If so, then right actions will necessarily follow, the kind of actions described by James in the second reading, care for orphans and widows in their affliction and to keep oneself unstained by the world. However, if someone lacks internal character, then no external action alone can necessarily solve their moral “heart problem."

Why is this so? To turn to the Apostle Paul, it is because humanity has a “heart problem,” that is, humanity is prisoner to the disordered desires of the heart (Rom 1:24). Rather than excluding Israel, Paul is equally clear that Israel has a heart problem as well, for apart from the work of Christ their hearts remain uncircumcised (Rom 2:28-29).

What is the solution? The gospel itself, for Paul is equally clear that in the gospel God’s justice is available through the person and work of Jesus Christ. In particular, God reveals his justice through the atoning sacrifice of Christ wherein God is both just and the justifier of those who are of the faith of Christ (Rom 3:22-26), for through believing in Christ “in the heart,” humanity is restored to true internal justice (Rom 10:10). Or to put this in the language of Deut 30:6: through believing in the heart humanity’s corporate heart is circumcised and the true exile has ended.

It is a perennial temptation to link true obedience to God to merely external obedience, ranging from service to those in need to a life committed to prayer. While prayer and service are both absolutely necessary, they are not alone sufficient for true obedience, for our readings demonstrate that obedience requires justice in the heart.

It is easy to think of grace as merely something that allows us to be safe before God, turning grace into a divine transaction.
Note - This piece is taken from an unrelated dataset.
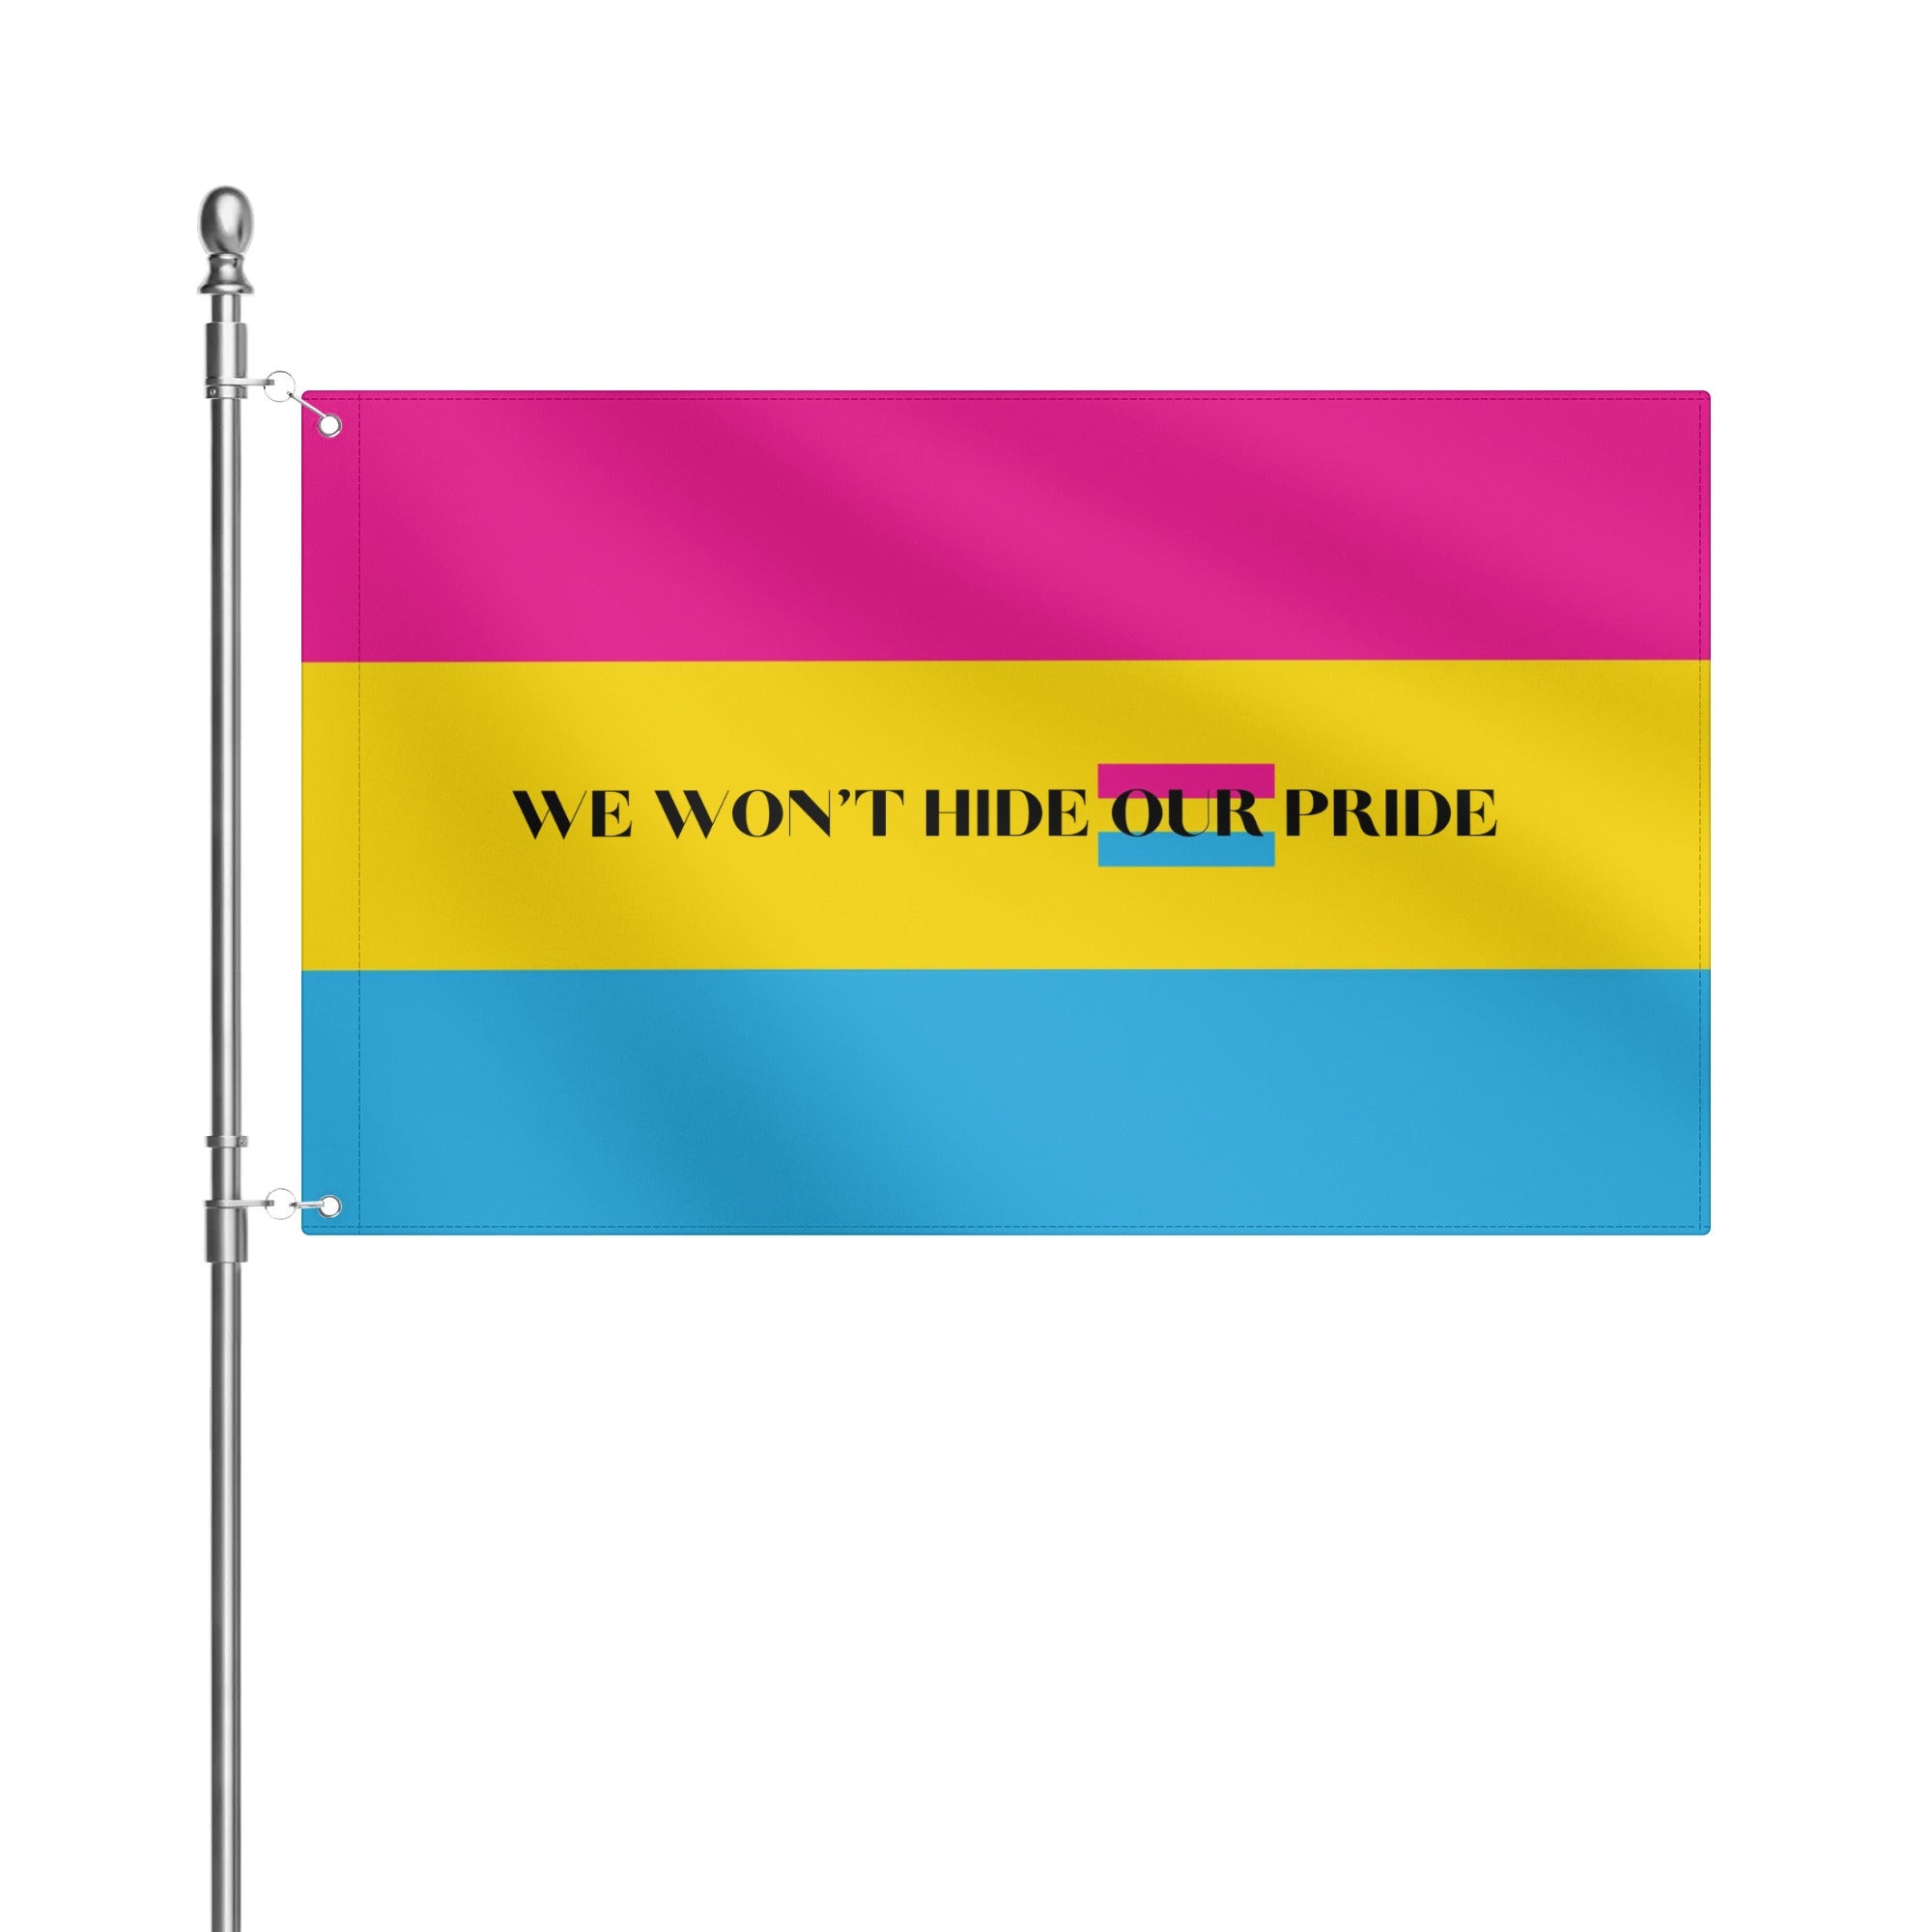 LGBT_Pride-We Wont hide Our Pride Pansexual Flags 3x5 Ft - Rose Gold Co. Shop

While grace certainly allows for us to stand before God unafraid, the reason is not due to a merely transactional account but instead that grace is God’s gift that empowers us to be obedient from the heart and share in his divine life.

When we come to Mass this Sunday and hear these readings, it is important to ask God for his empowering grace such that our hearts would be conformed to Christ’s and thereby have in our hearts the restorative justice of God that defines the life of the new covenant (2 Cor 3:3-9).